There are almost always ways around a lack of a preprocessor but often times the solution can be a little cumbersome. For example, you can declare the platform specific functions as 'separate' and then use build-tools to compile the correct one (either a project system, using pragma body replacement, or a very simple directory system... put all the windows files in /windows/ and all the linux files in /linux/ and include the appropriate directory for the platform).
All that being said, GNAT realized that sometimes you need a preprocessor and has created gnatprep. It should work regardless of the compiler (but you will need to insert it into your build process). Similarly, for simple things (like conditional compilation) you can probably just use the c pre-processor or even roll your own very simple one.
AdaCore provides the gnatprep preprocessor, which is specialized for Ada. They state that gnatprep "does not depend on any special GNAT features", so it sounds as though it should work with non-GNAT Ada compilers. Their User Guide also provides some conditional compilation advice.
I have been on a project where m4 was used as well, with the Ada spec and body files suffixed as ".m4s" and ".m4b", respectively.
My preference is really to avoid preprocessing altogether, and just use specialized bodies, setting up CM and the build process to manage them.

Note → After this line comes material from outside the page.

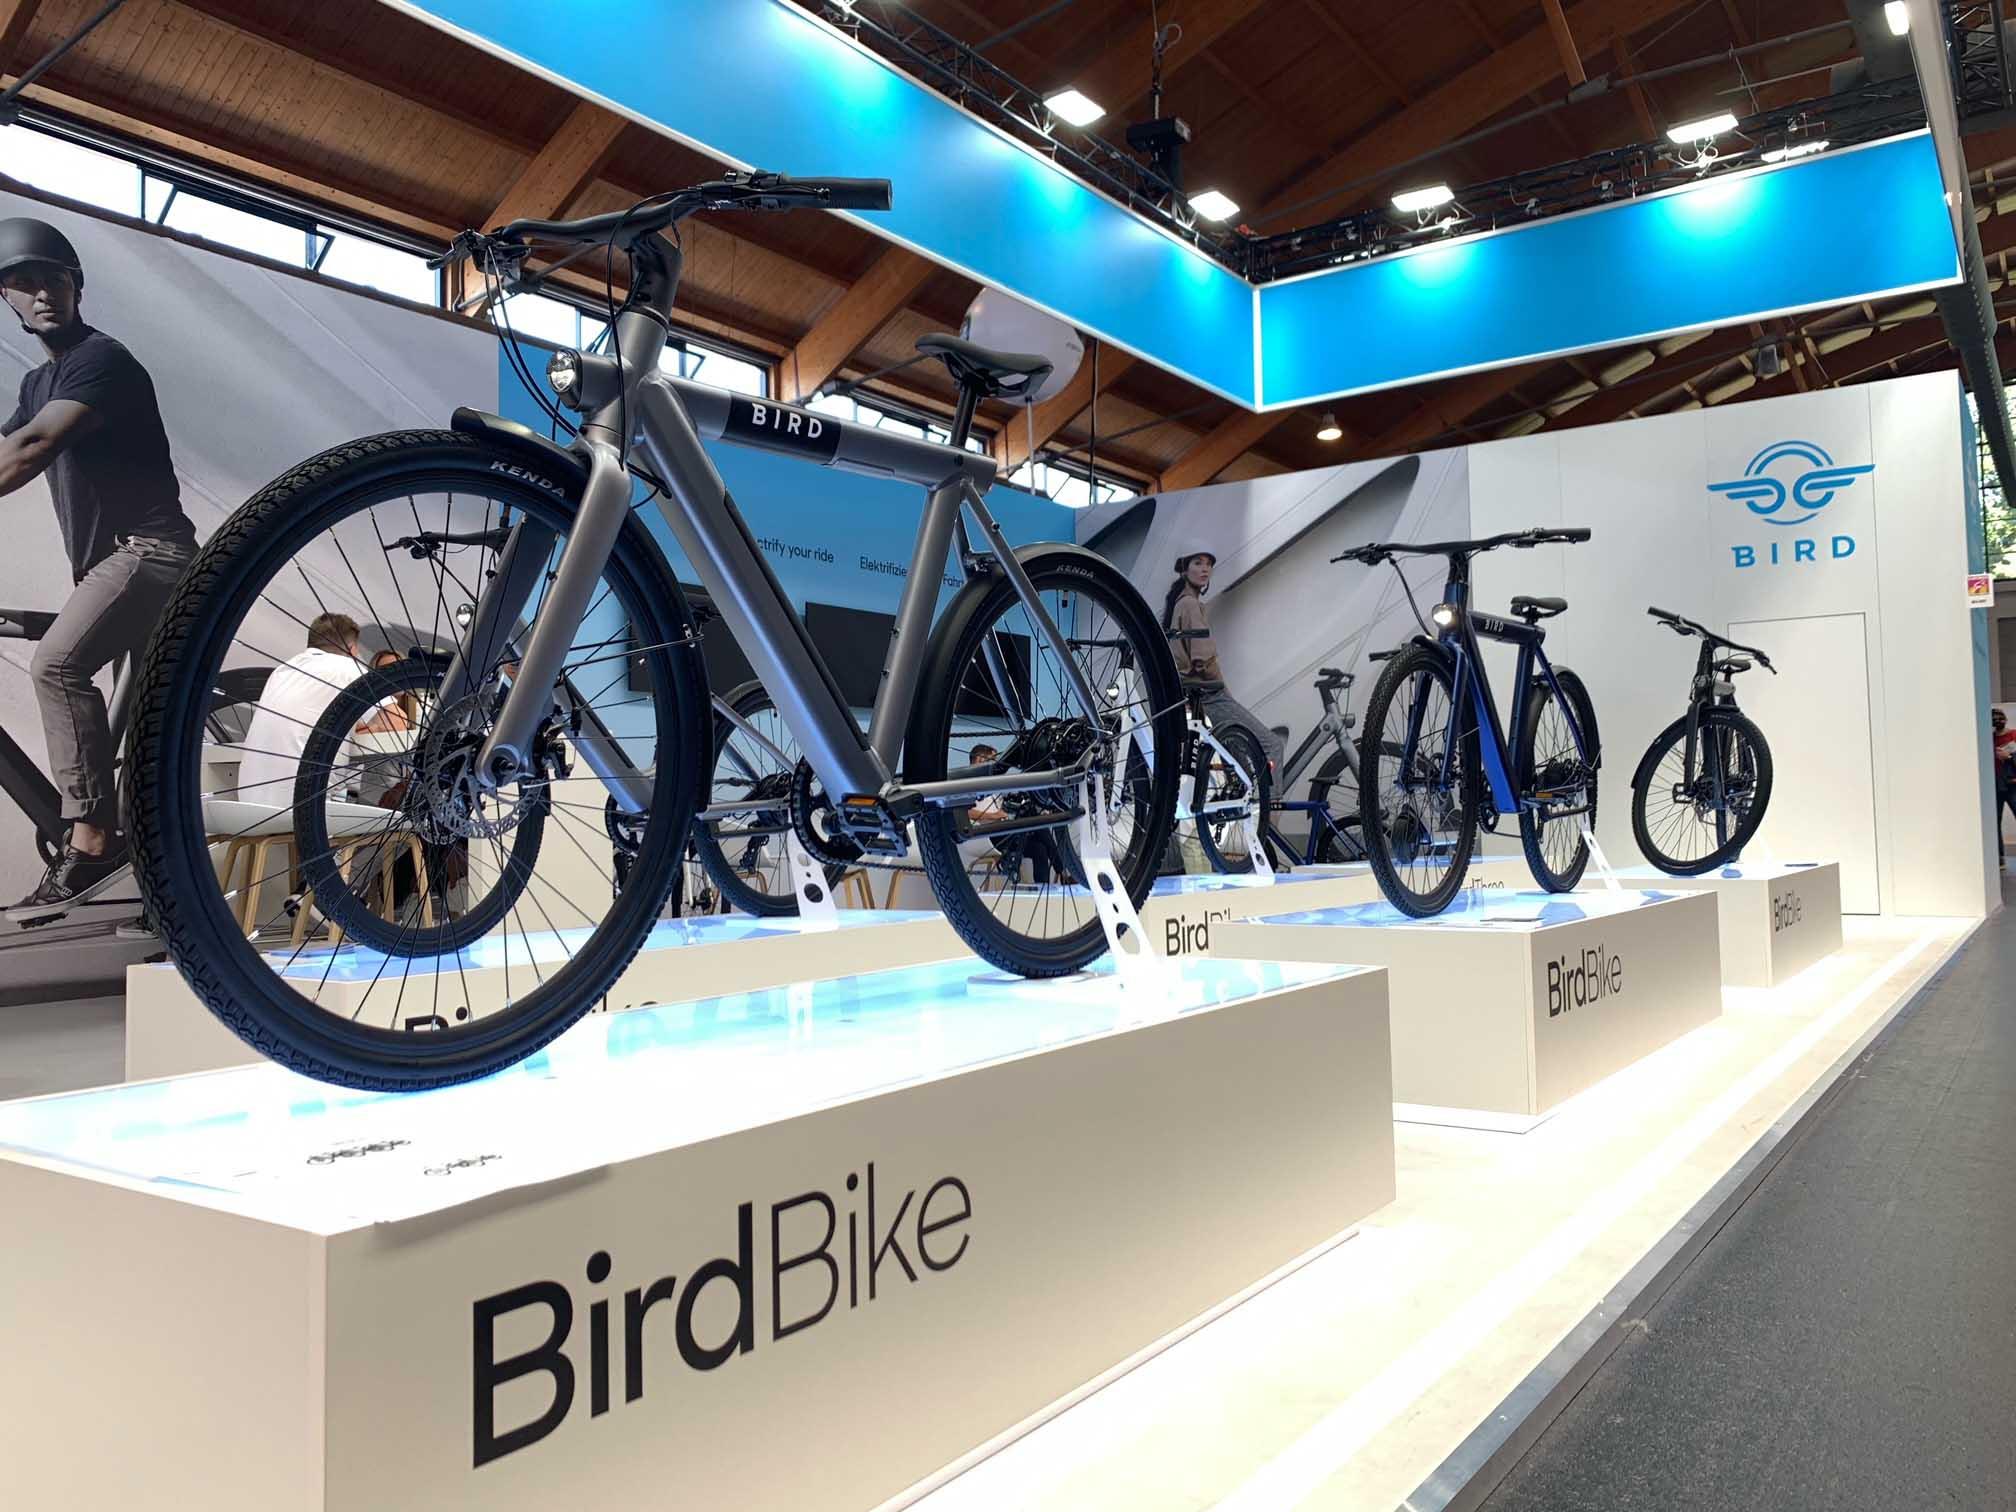 BirdBike at eurobike

No but the CPP preprocessor or m4 can be called on any file on the command line or using a building tool like make or ant. I suggest calling your .ada file something else. I have done this for some time on java files. I call the java file .m4 and use a make rule to create the .java and then build it in the normal way.
I hope that helps.
Yes, it has.
If you are using GNAT compiler, you can use gnatprep for doing the preprocessing, or if you use GNAT Programming Studio you can configure your project file to define some conditional compilation switches like
#if SOMESWITCH then
-- Your code here is executed only if the switch SOMESWITCH is active in your build configuration
#end if;
In this case you can use gnatmake or gprbuild so you don't have to run gnatprep by hand.

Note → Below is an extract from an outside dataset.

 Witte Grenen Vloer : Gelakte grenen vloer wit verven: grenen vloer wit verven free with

That's very useful, for example, when you need to compile the same code for several different OS's using even different cross-compilers.
Some old Ada1983-era compilers have a package called a.app that utilized a #-prefixed subset of Ada (interpreted at build-time) as a preprocessing language for generating Ada (to be then translated to machine code at compile-time). Rational's Verdix Ada Development System (VADS) appears to be the progenitor of a.app among several Ada compilers. Sun Microsystems, for example, derived the Ada SPARCompiler from VADS and thus also had a.app. This is not unlike the use of PL/I as the preprocessor of PL/I, which IBM did.
Chapter 2 is some documentation of what a.app looks like: http://dlc.sun.com/pdf/802-3641/802-3641.pdf
No, it does not.
If you really want one, there are ways to get one (Use C's, use a stand-alone one, etc.) However I'd argue against it. It was a purposeful design decision to not have one. The whole idea of a preprocessor is very un-Ada.
Most of what C's preprocessor is used for can be accomplished in Ada in other more reliable ways. The only major exception is in making minor changes to a source file for cross-platform support. Given how much this gets abused in a typical cross-platform C program, I'm still happy there's no support for it in Ada. Very few C/C++ developers can control themselves enough to keep the changes "minor". The result may work, but is often nearly impossible for a human to read.
The typical Ada way to accomplish this would be to put the different code in different files and use your build system to somehow choose between them at compile time. Make is plenty powerful enough to help you do this.